• Directions: The pictures are to be left out when the listing below is reproduced word for word.

• Data segment:
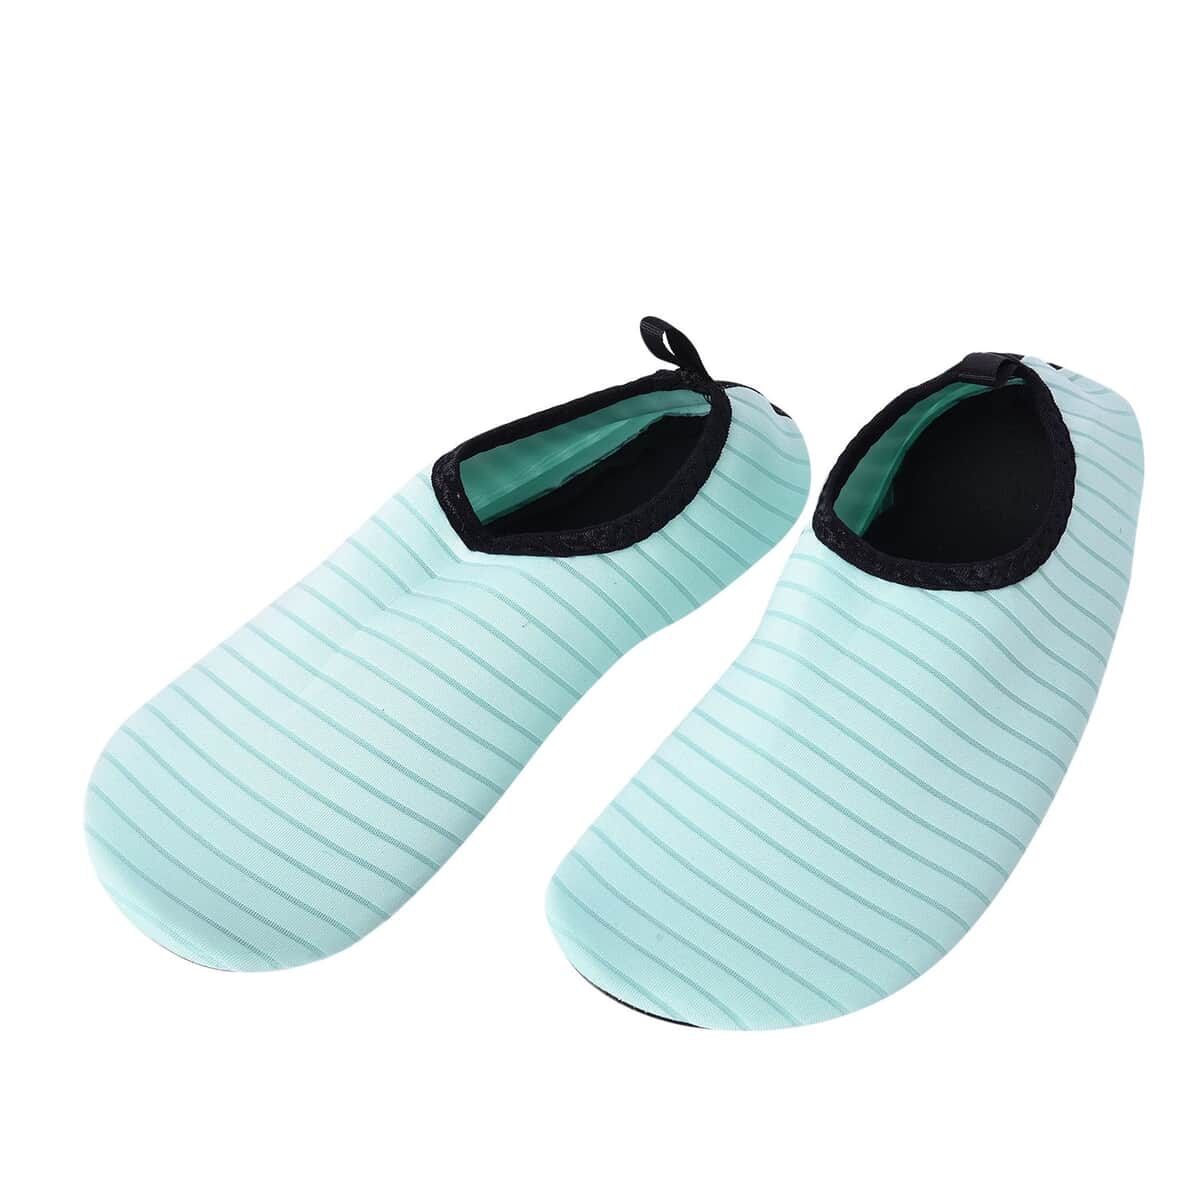 Green Mint Women's and Men's Water Shoes Barefoot Quick-Dry Aqua Socks (Size 7.5-8.5) image number 1
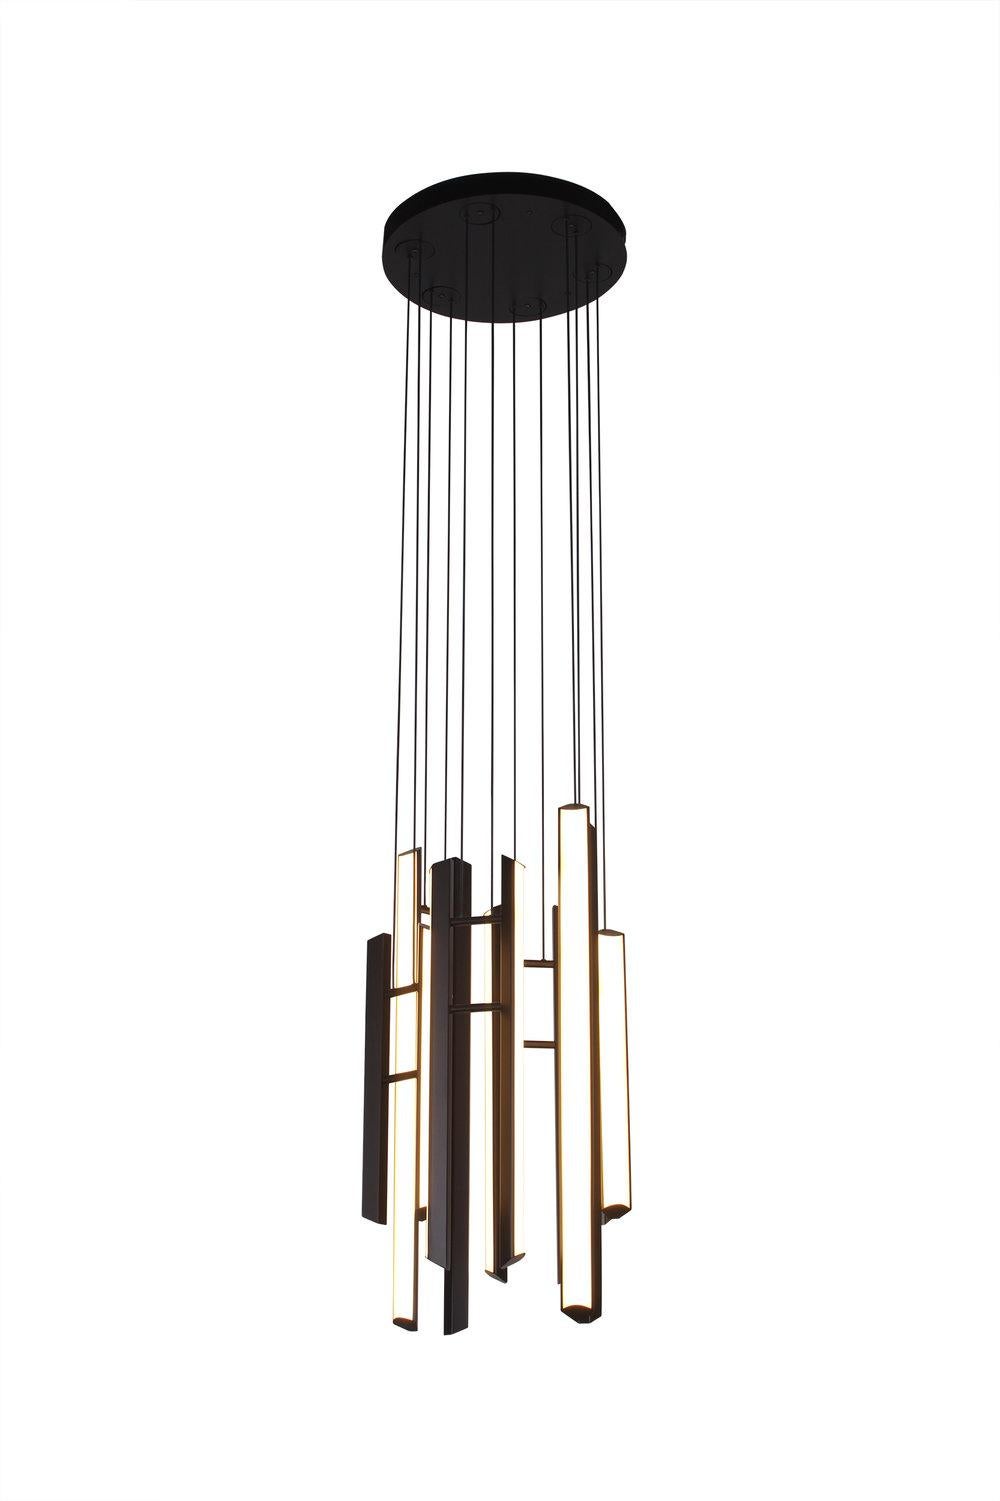 CHIME CHANDELIER suspends delicately balanced pairs of Chime bars which are inspired by the harmonious sound of resonating bells. Both compact and customizable, Chime chandelier is an enchanting addition to a staircase or grand entry.

See the full
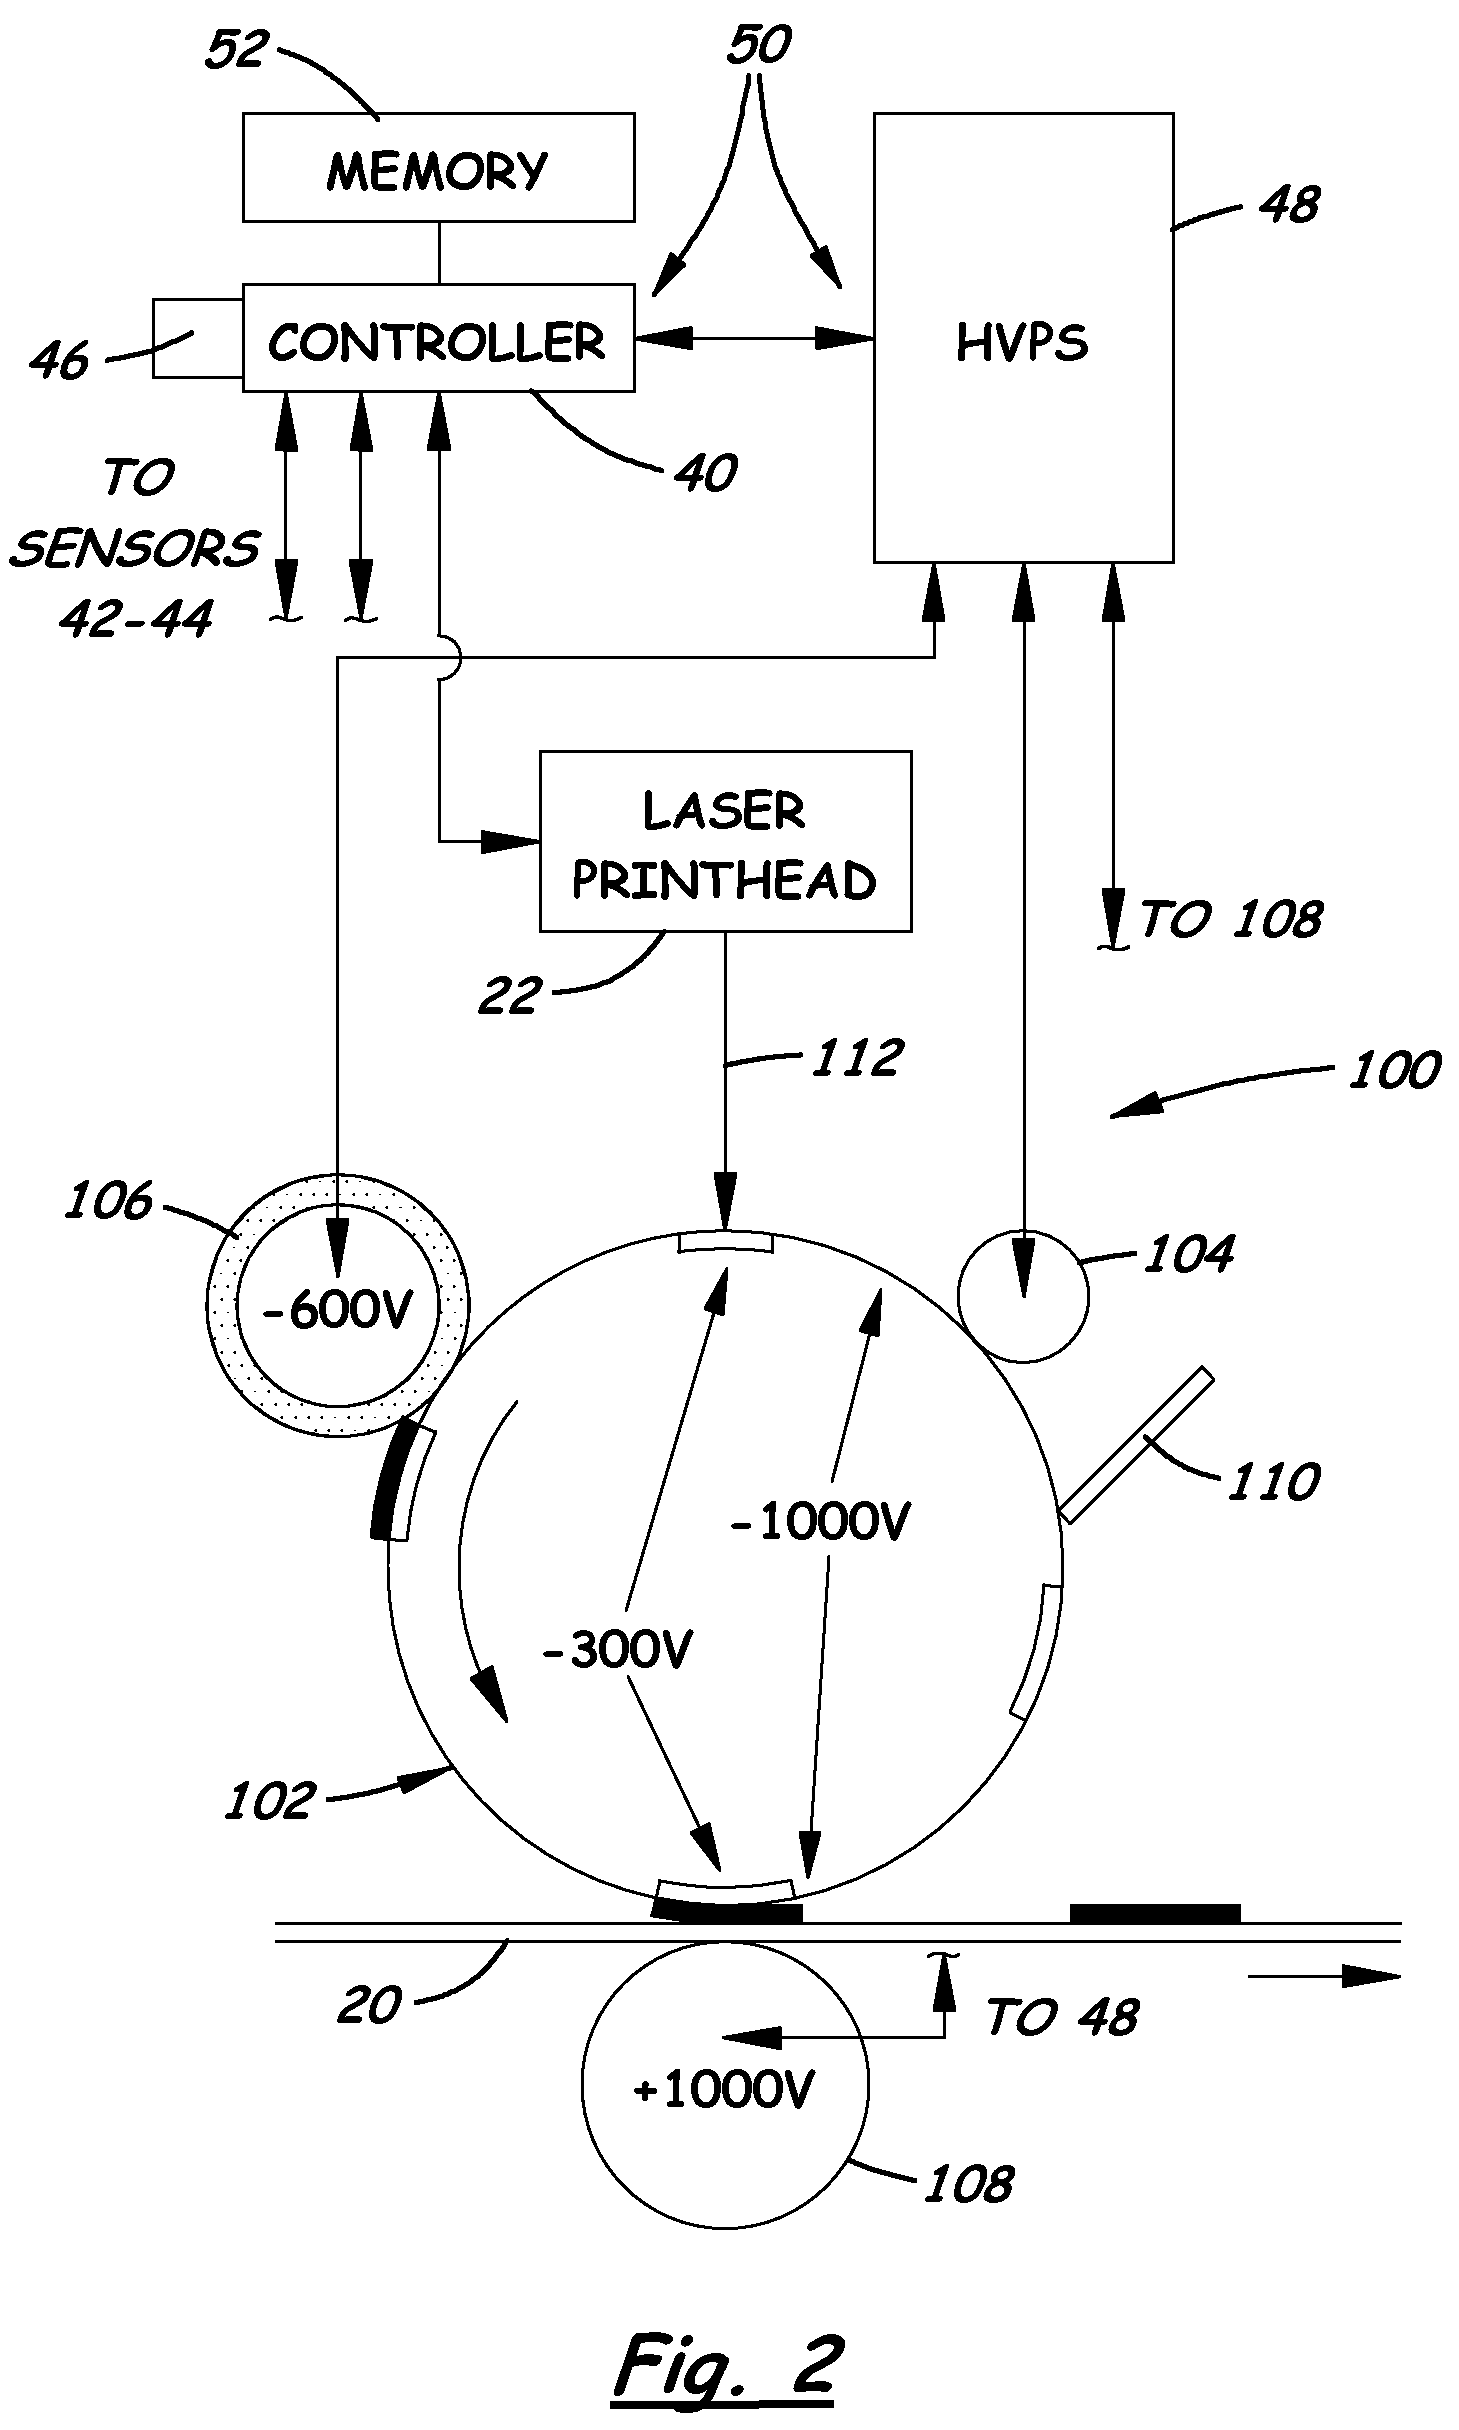 System and Method for Adjusting Selected Operating Parameters of Image Forming Device Based on Selected Environmental Conditions to Improve Color Registration

• Task output:
 Green Mint Women's and Men's Water Shoes Barefoot Quick-Dry Aqua Socks (Size 7.5-8.5) image number 1
 CHIME CHANDELIER suspends delicately balanced pairs of Chime bars which are inspired by the harmonious sound of resonating bells. Both compact and customizable, Chime chandelier is an enchanting addition to a staircase or grand entry.

See the full
 System and Method for Adjusting Selected Operating Parameters of Image Forming Device Based on Selected Environmental Conditions to Improve Color Registration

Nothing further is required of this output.